- Born: 11 March 1997 (age 29) Prague, Czech Republic

Team
- Curling club: CC Zbraslav
- Skip: Lukáš Klíma
- Third: Vít Chabičovský
- Second: Martin Jurík
- Lead: Lukáš Klípa

Curling career
- Member Association: Czech Republic
- World Championship appearances: 5 (2022, 2023, 2024, 2025, 2026)
- European Championship appearances: 5 (2018, 2022, 2023, 2024, 2025)
- Olympic appearances: 1 (2026)

Medal record
Men's curling
World Mixed Championship
| Bronze medal – third place | 2017 Champéry |  |
Czech Men's Curling Championship
| Gold medal – first place | 2023 |  |
| Gold medal – first place | 2024 |  |
| Bronze medal – third place | 2019 |  |

= Lukáš Klípa =

Czech curler (born 1997)

Lukáš Klípa (born 11 March 1997) is a Czech curler. He currently plays lead on Team Lukáš Klíma.

==Career==
===Juniors===
Klípa's first international competition came at the 2015 European Junior Challenge Competition as the alternate for the Czech team, which was skipped by Krystof Krupansky. The team finished in fifth, and Klípa would not play in any games. The European Junior Curling Challenge, which was a qualifier for the World Junior Curling Championships was replaced by the World Junior-B Curling Championships the following year. Klípa would represent his home country for the next three years as a member of the national junior team at the World Junior B Championships. He was the alternate on the Czech team (skipped by Marek Černovský) at the 2016 World Junior B Curling Championships, finishing fifth. There, Klípa played in three games. The following year, Klípa played second on the team which was now skipped by Pavel Mares at the 2017 World Junior B Curling Championships. The team finished in 9th place. Klípa skipped the team at the 2018 World Junior B Curling Championships, while continuing to throw second rocks. There, he led his team of Mares, Martin Blahovec and David Verner to a 3–4 record in group play.

===Mixed===
Klípa was a member of the Czech mixed team, skipped by Jaroslav Vedral, at the 2017 World Mixed Curling Championship. Vedral led the team to a 5–2 record in group play.

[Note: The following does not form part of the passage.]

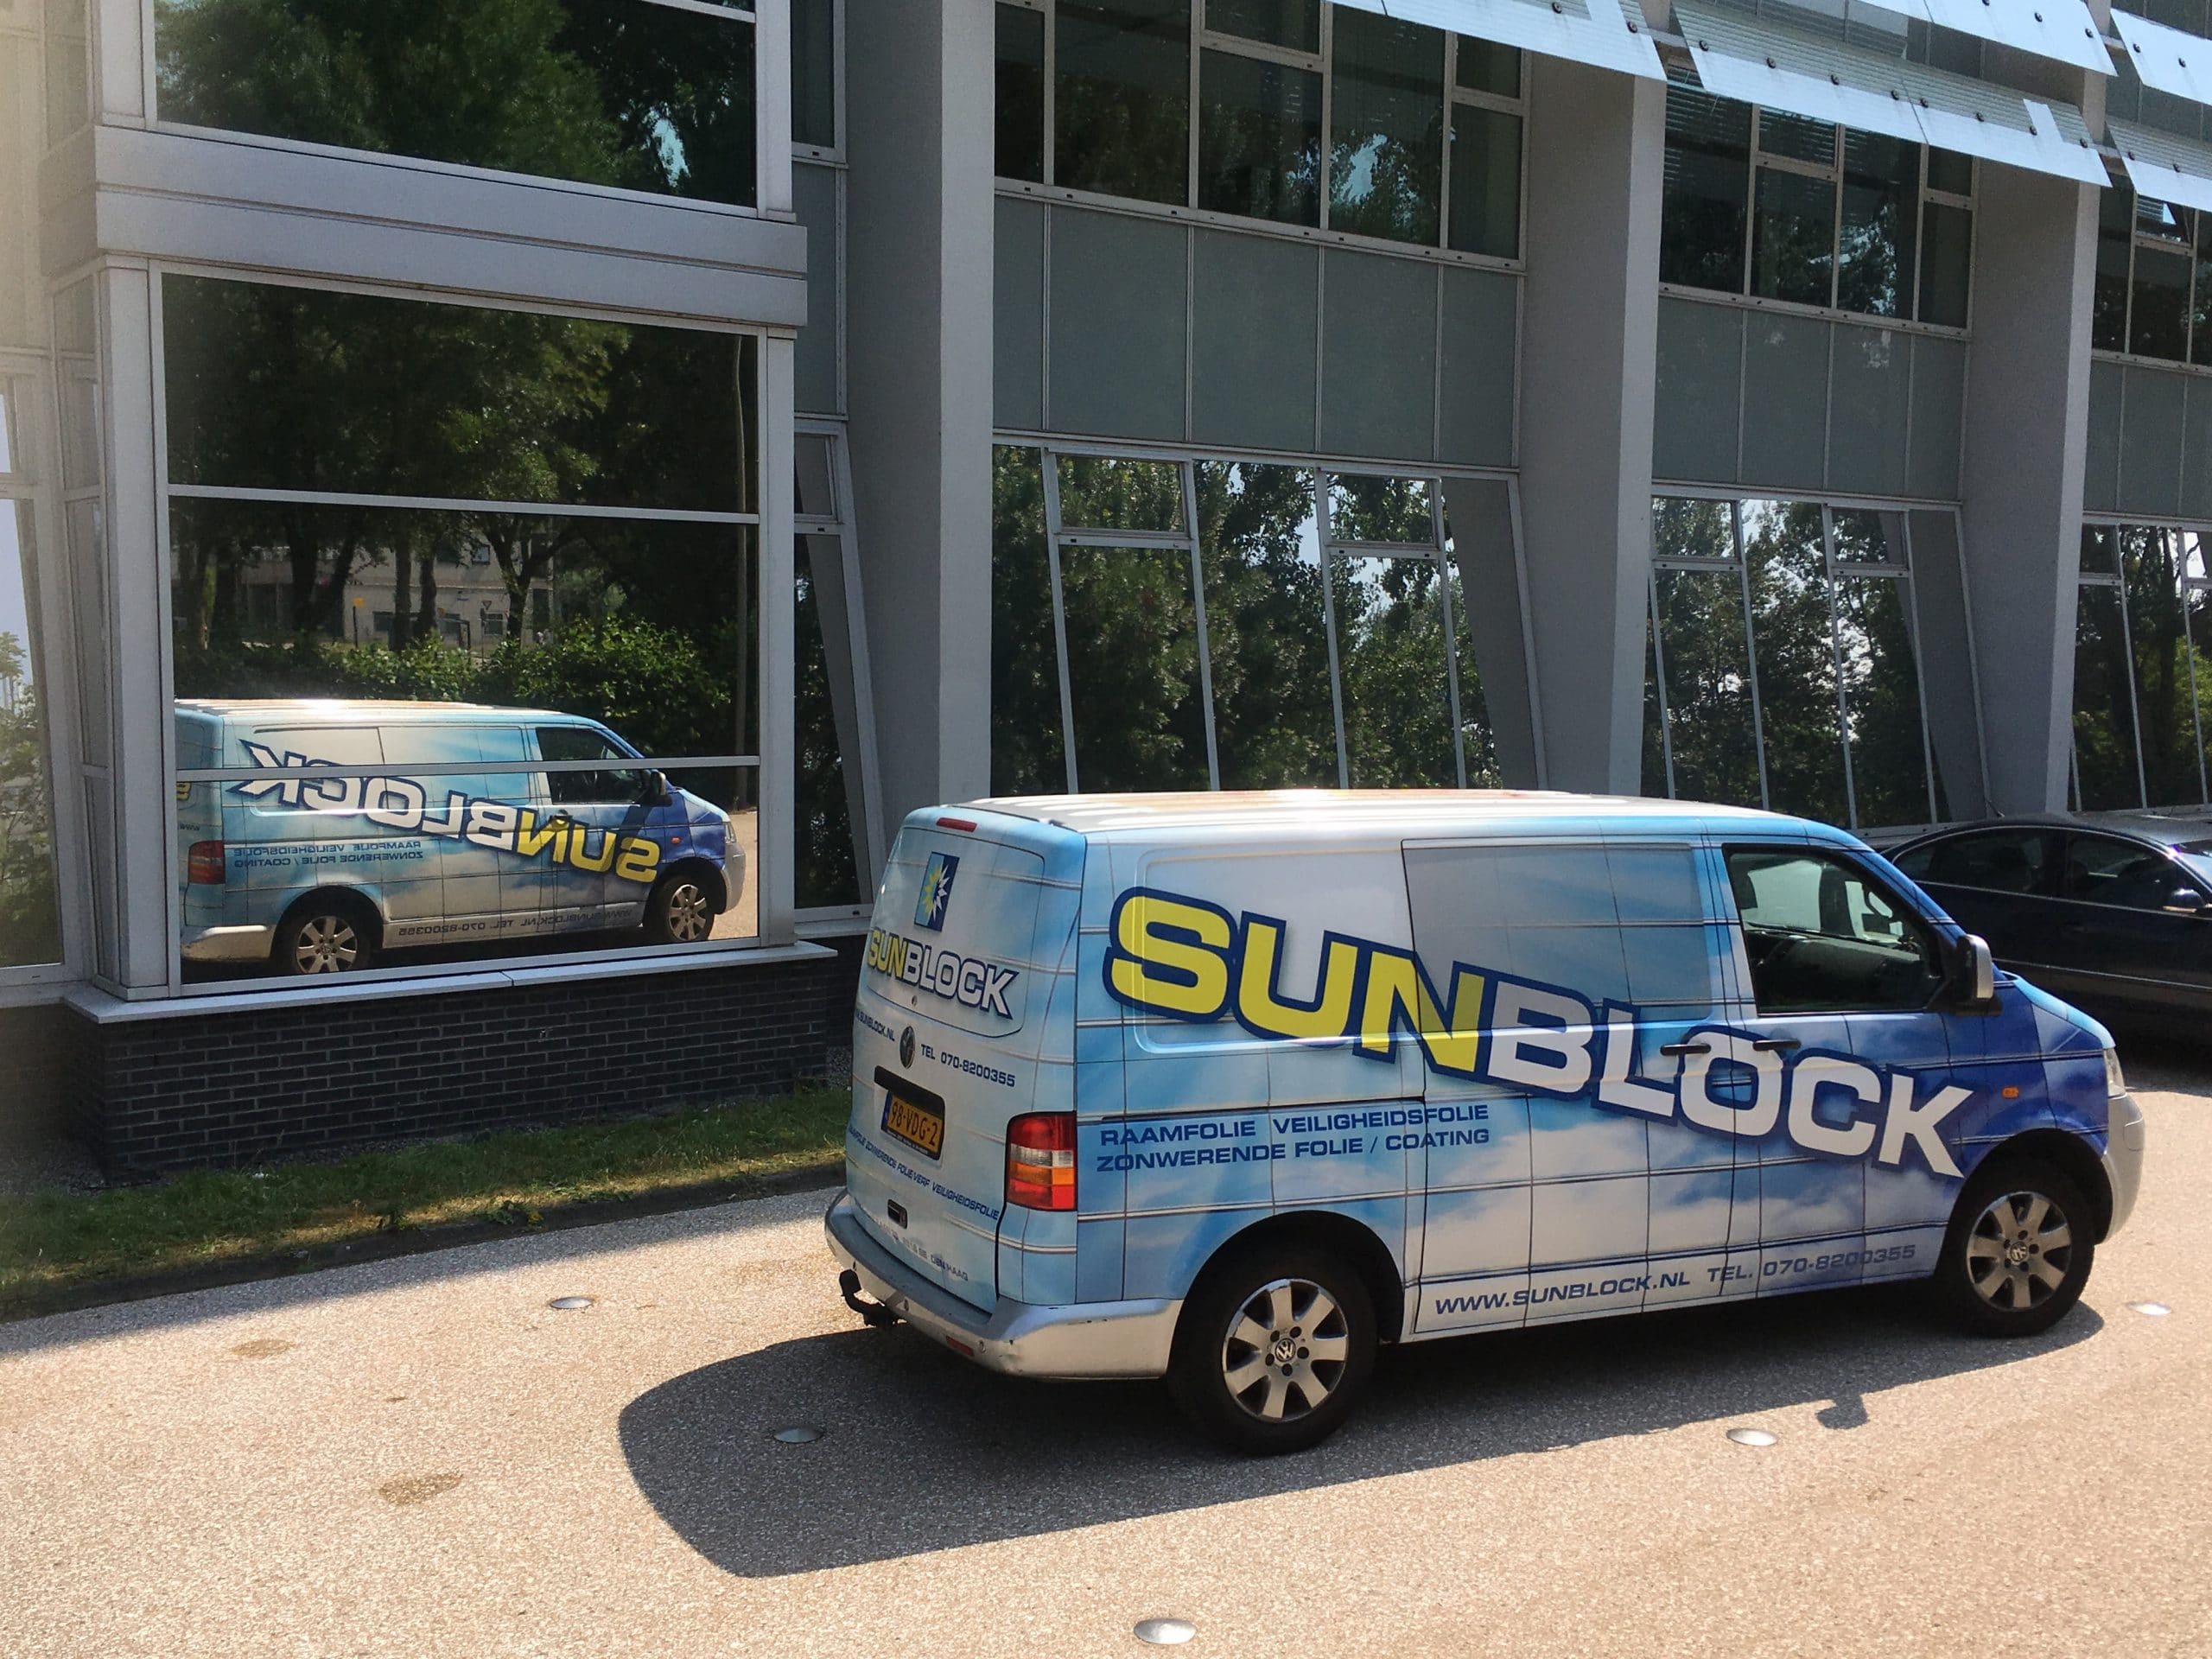 Delft - Bedrijfspand voorzien van  Sunblock Zilver 20 glasfolie teneinde de zonnewarmte tot 86% te reduceren en de hinderlijke schittering op beeldschermen tot 80% te reduceren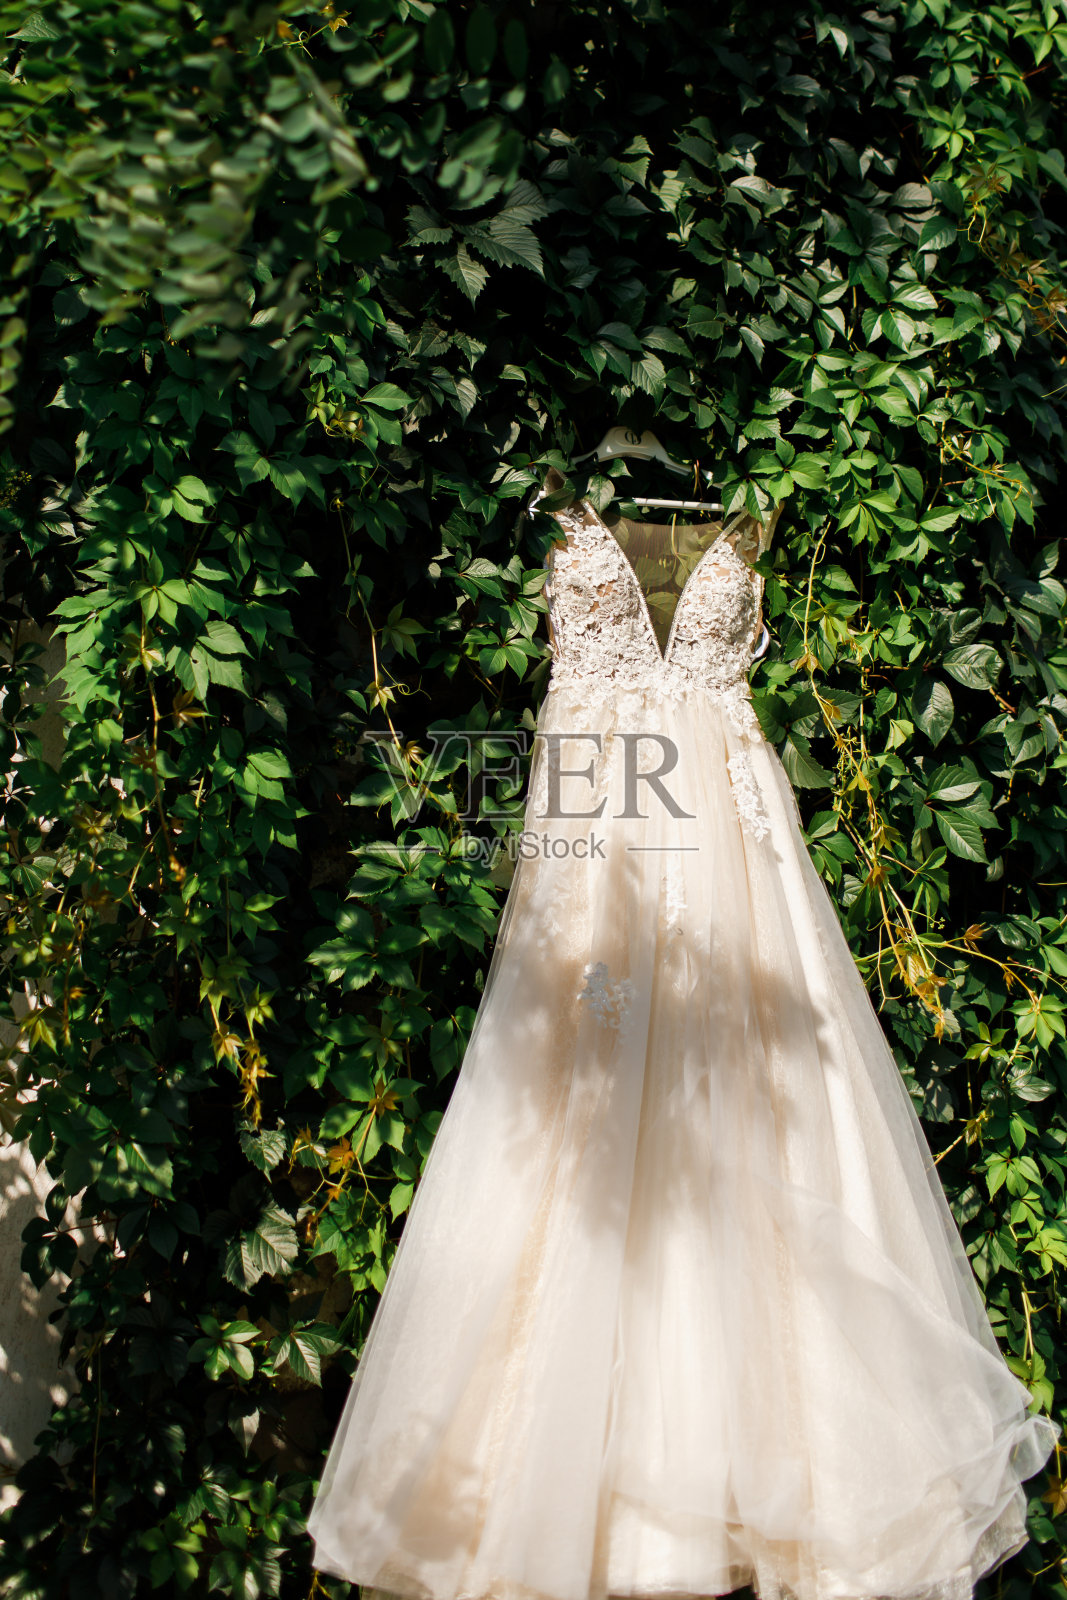 婚纱摄影:蕾丝婚纱挂在一棵常青树上照片摄影图片

The team then beat China, and Estonia in the playoffs, before losing to Scotland in the semifinals. The team rebounded in the bronze medal game, beating Norway.

===Men's===
Klípa would act as the Czech team's alternate at the 2018 European Curling Championships, his first. The team, which was skipped by David Šik ended up winning the bronze medal in the B Tournament. Klípa did not play in any games.

Klípa was a member of the Czech team at the 2019 Winter Universiade. Klípa played lead om the team, which was skipped by Vedral. The team finished the round robin portion with a 5–4 record, and lost in their quarterfinal match to Switzerland, which was skipped by Yannick Schwaller.

Klípa joined the Czech national champion Lukáš Klíma rink as their alternate at the 2022 World Men's Curling Championship. There, the team finished with a 5–7 record. Despite being the alternate, Klípa played in seven games. The team played at the 2022 European Curling Championships with Klípa throwing lead rocks. The team finished the event with a 3–6 record, good enough to qualify the country for the 2023 World Men's Curling Championship. The team then went on to win the 2023 Czech Men's Curling Championship, qualifying the team to represent the Czech Republic at the 2023 World Men's Curling Championship. The team finished with a 3–9 record, 10th overall. At the Worlds, Klípa was the team's alternate, and played in three games.

The team played in the 2023 European Curling Championships with Klípa back at lead position. There, the team finished with a 2–7 record, good enough to qualify for the 2024 World Men's Curling Championship. Later in the season, the team won the Czech national championship. At the 2024 Worlds, the rink went 4–8.

Klípa and the Czech team would continue to improve during the 2024-25 curling season, and coached by former world champion Craig Savill, the team would again qualify for the 2025 World Men's Curling Championship. At the 2025 World's the team went 6–6 in the round robin, including wins over the current #1 ranked ranked team in the world, Scotland's Bruce Mouat, and the current European Champions, Germany's Marc Muskatewitz. This result would also tie the all-time highest placement for a Czech team at the worlds, finishing in 7th place. This strong showing earned the Czech Republic a direct berth to the 2026 Winter Olympics. At the Olympics, they would finish the round robin with a 3–6 record, finishing in 8th.

==Personal life==
Klípa lives in Dobříš. He works as a bank employee.